The doctrine of informed consent has two components: first, that the right of a person to determine what may be done to her body includes the right to consent to medical care; and second, that true consent cannot be given unless the patient is given all relevant information and has an opportunity to evaluate the available risks involved. Therefore, if a physician or other healthcare professional renders medical treatment without a patient’s consent, it is actionable as a tort.

Generally, consent may be oral or written, although some state statutes provide for statutory presumptions that appropriate informed consent was obtained if state-dictated written-consent forms are complete. The responsibility to obtain informed consent historically has rested with the physician.

The legal standard for proper informed consent is the disclosure to the patient of: 1. the patient’s condition; 2. the nature of the proposed treatment; 3. the benefits reasonably expected from a proposed treatment, together with the material risks and dangers of the proposed treatment; and 4. treatment alternatives, as well as the risks and benefits of such alternatives.

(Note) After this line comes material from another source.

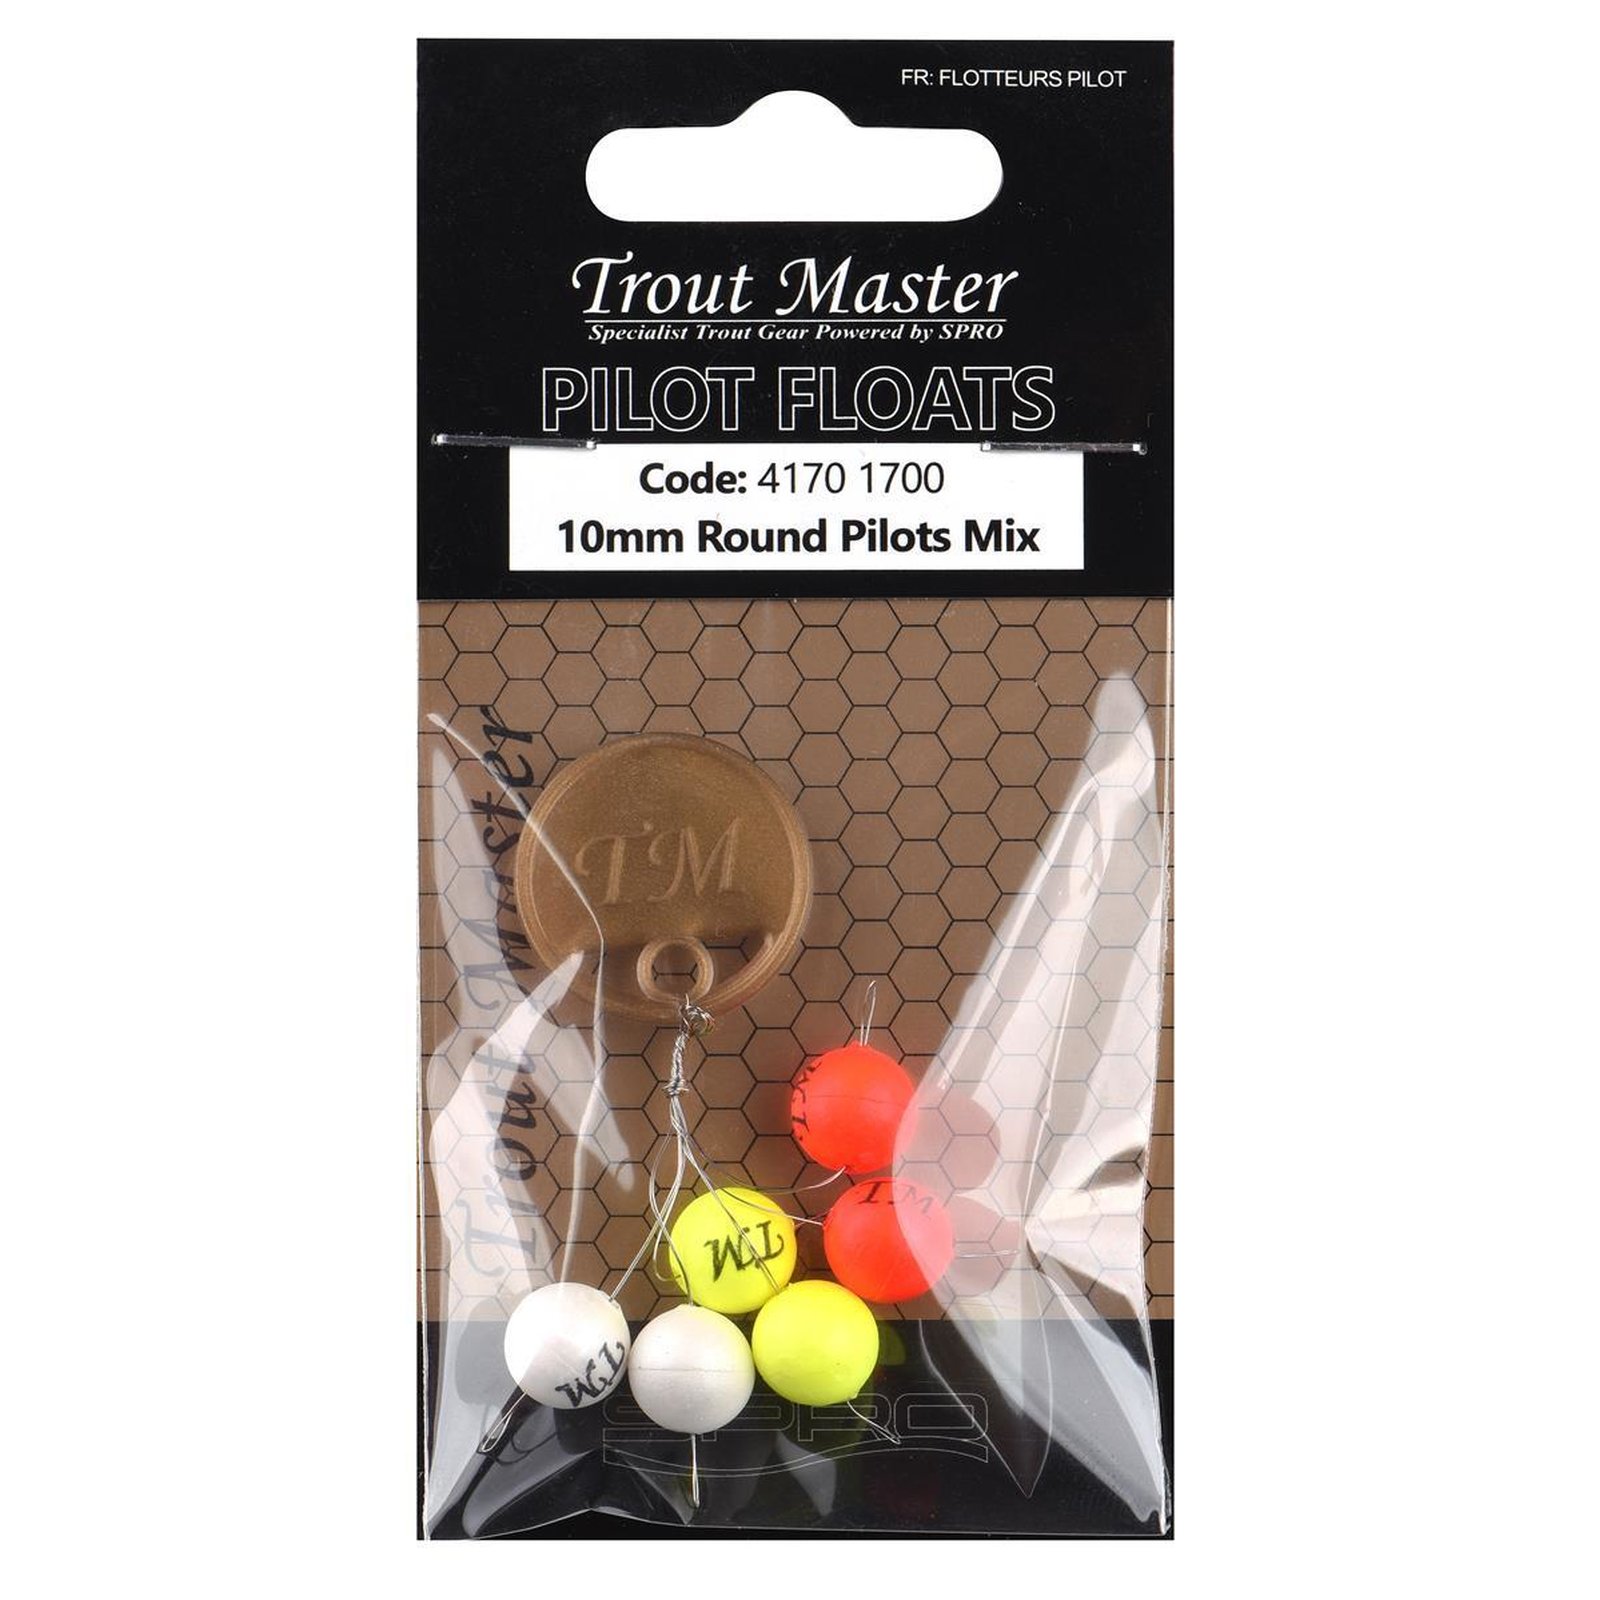 Trout Master Round Pilots Mix 10mm

Excerpt from Susan O. Scheutzow, Patient Care, in FUNDAMENTALS OF HEALTH LAW 59, 62-63 (American Health Lawyers Association 5th ed., 2011).

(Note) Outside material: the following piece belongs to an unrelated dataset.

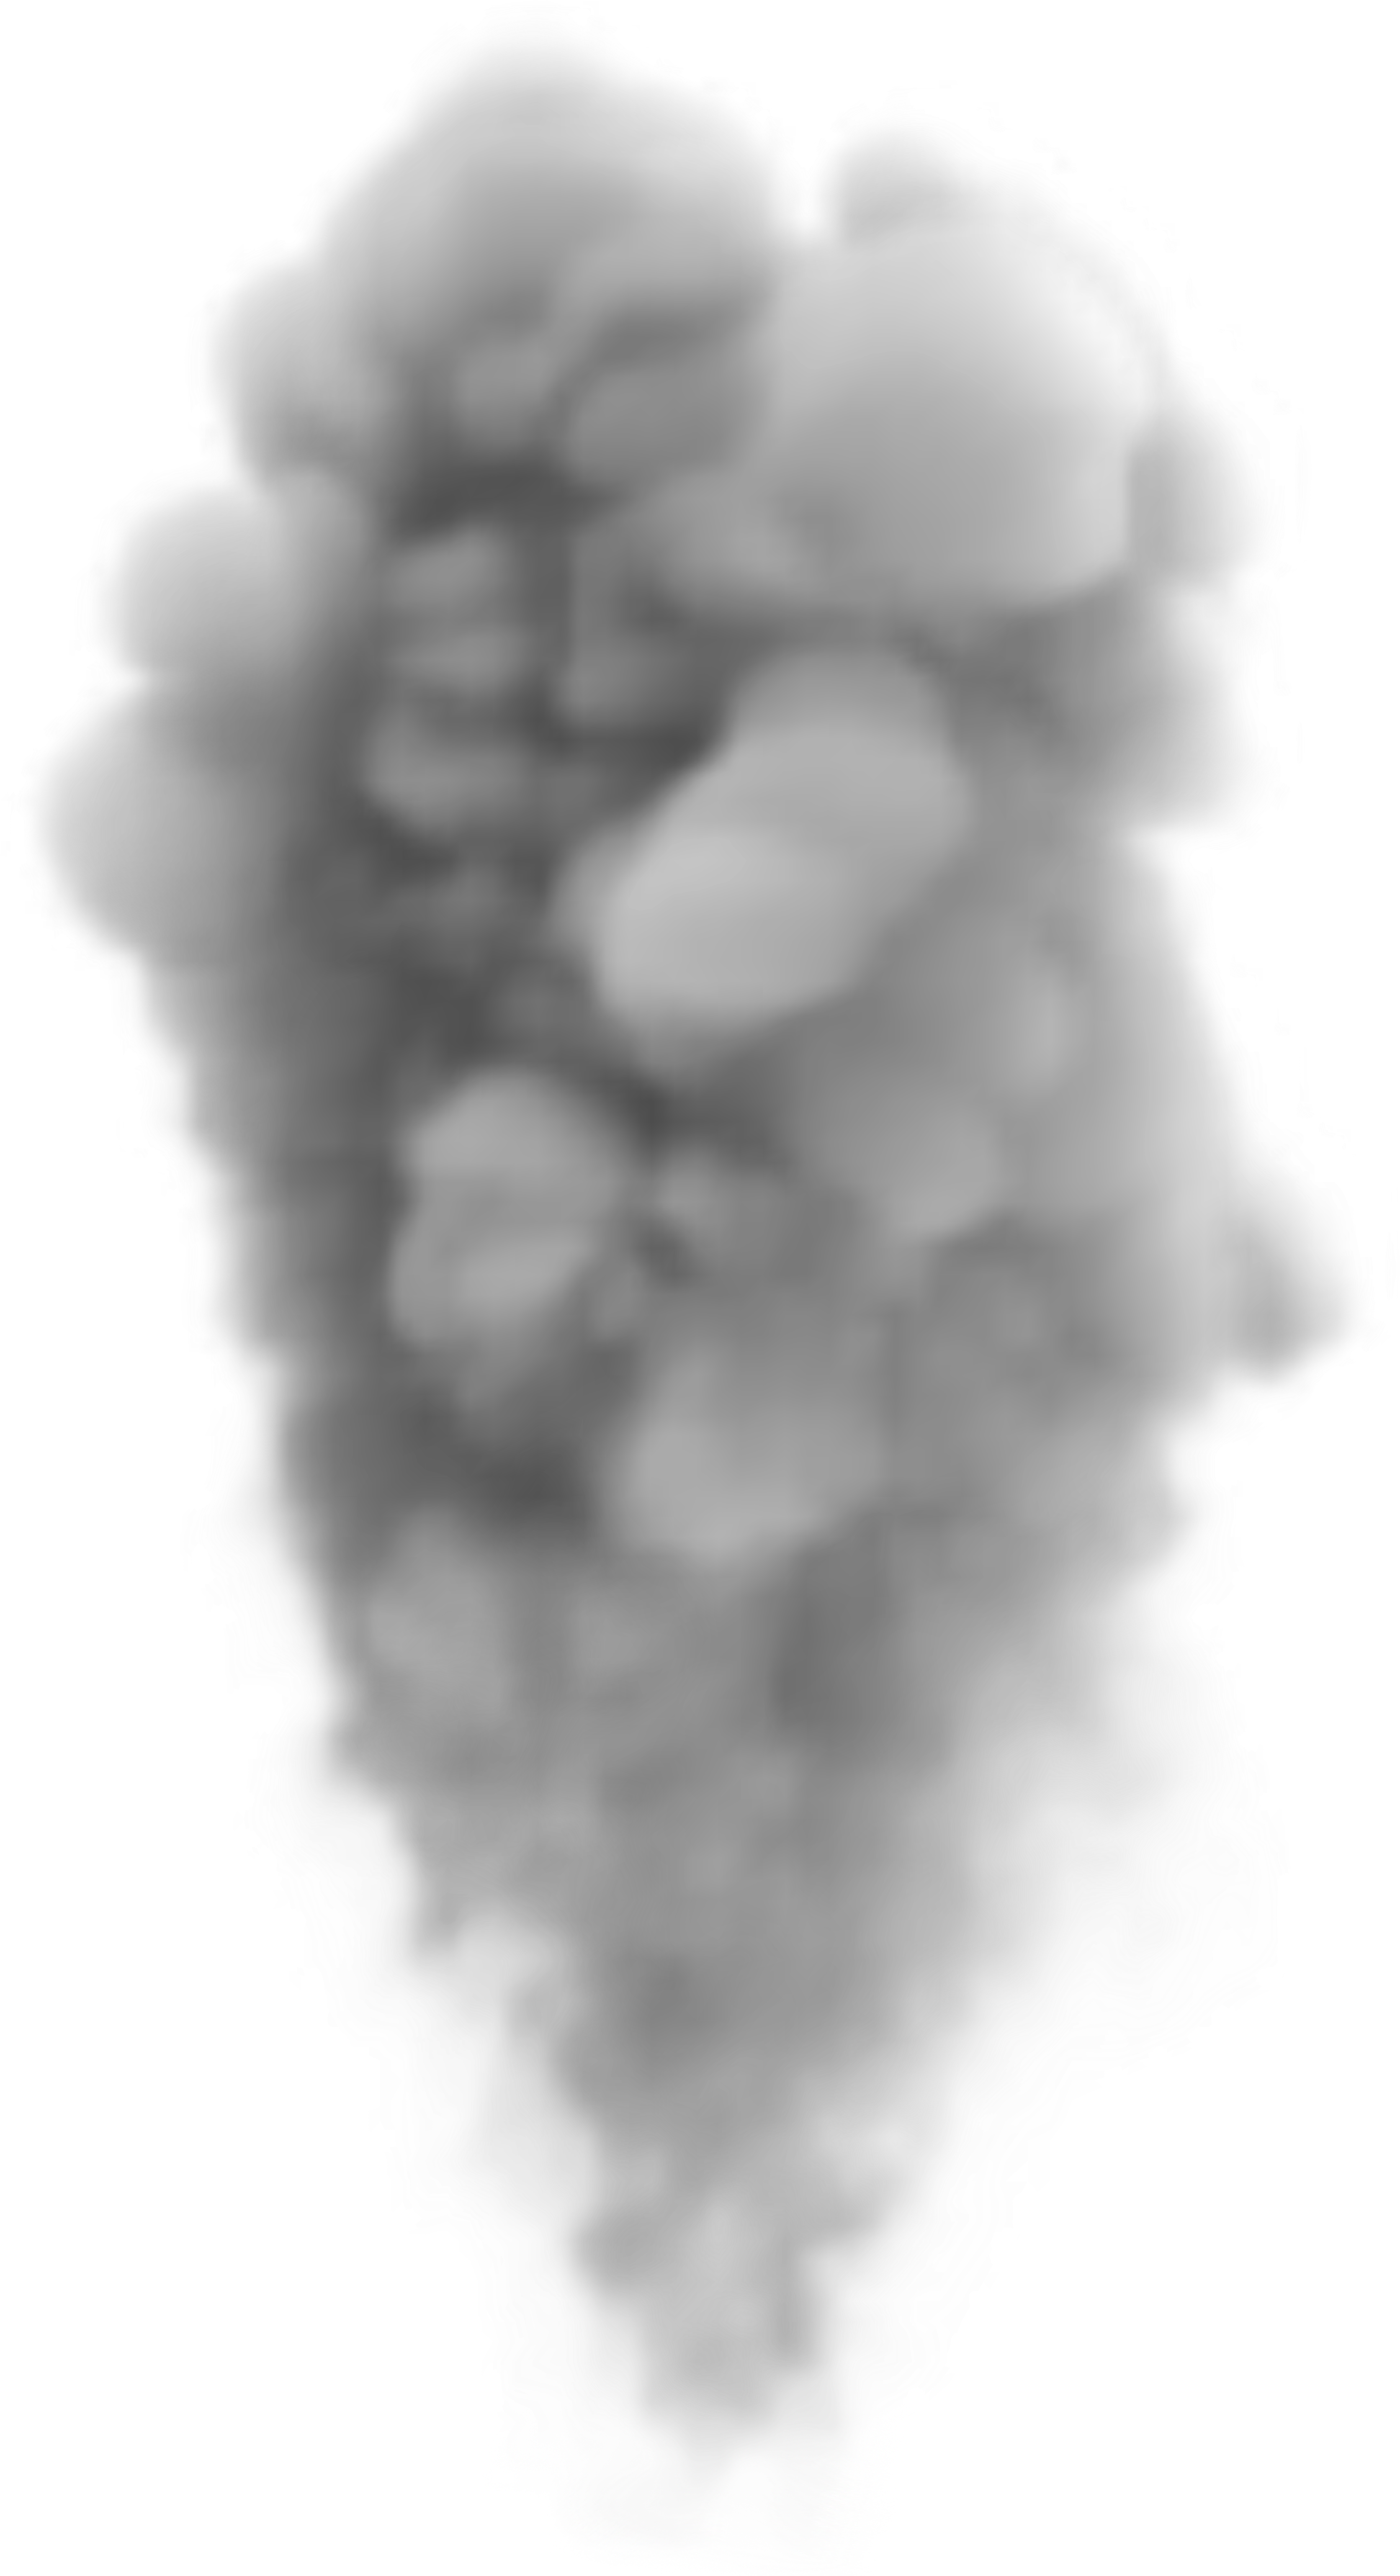 A Smoke Cloud On A Black Background

Pursuant to HHS and FDA regulations, the following information must be provided to each person who agrees to participate in research (subject):

1. A statement that the clinical study involves research, an explanation of the purposes of the Research and the expected duration of the human subject’s participation, a description of the procedures to be followed, and identification of any procedures that are experimental;

2. A description of any reasonably foreseeable risks and discomforts to the human subject;

3. A description of any benefits to the human subject or others to be reasonably expected from the research;

4. A disclosure of any appropriate alternative procedures or courses of treatment that might be advantageous for the human subject;

5. A statement describing the extent to which confidentiality of records identifying the human subject will be maintained, and noting the possibility that the FDA may inspect the records;

6. For research involving more than minimal risk, an explanation as to whether any compensation, and an explanation as to whether any medical treatments are available, if injury occurs and, if so, what they consist of, or where further information may be obtained.

7. An explanation as to whom to contact for answers to pertinent questions about the research and the human subject’s rights, and whom to contact in the event of a research related injury to the subject;

8. A statement that participation is voluntary, refusal to participate will involve no penalty or loss of benefits to which the subject is otherwise entitled, and the subject may discontinue participation at any time without penalty or loss of benefits, to which the subject is otherwise entitled; and

9. When appropriate, one or more of the following elements of information shall be provided to each subject: a. A statement that the particular treatment or procedure may involve risks to the subject (or to the embryo or fetus, if the subject is or may become pregnant) which are currently unforeseeable. b. Anticipated circumstances under which the human subject’s participation may be terminated by the investigator without regard to the subject’s consent. c. Additional costs to the subject that may result from participation in the research. d. The consequences of a subject’s decision to withdraw from the research and procedures for orderly termination of participation by the subject. e. A statement that significant new findings developed during the course of the research which may relate to the subject’s willingness to continue participation f. The approximate number of human subjects involved in the study

Excerpt from Teresa M. Williams et al., INSTITUTIONAL REVIEW BOARDS: A PRIMER 21-22 (2007).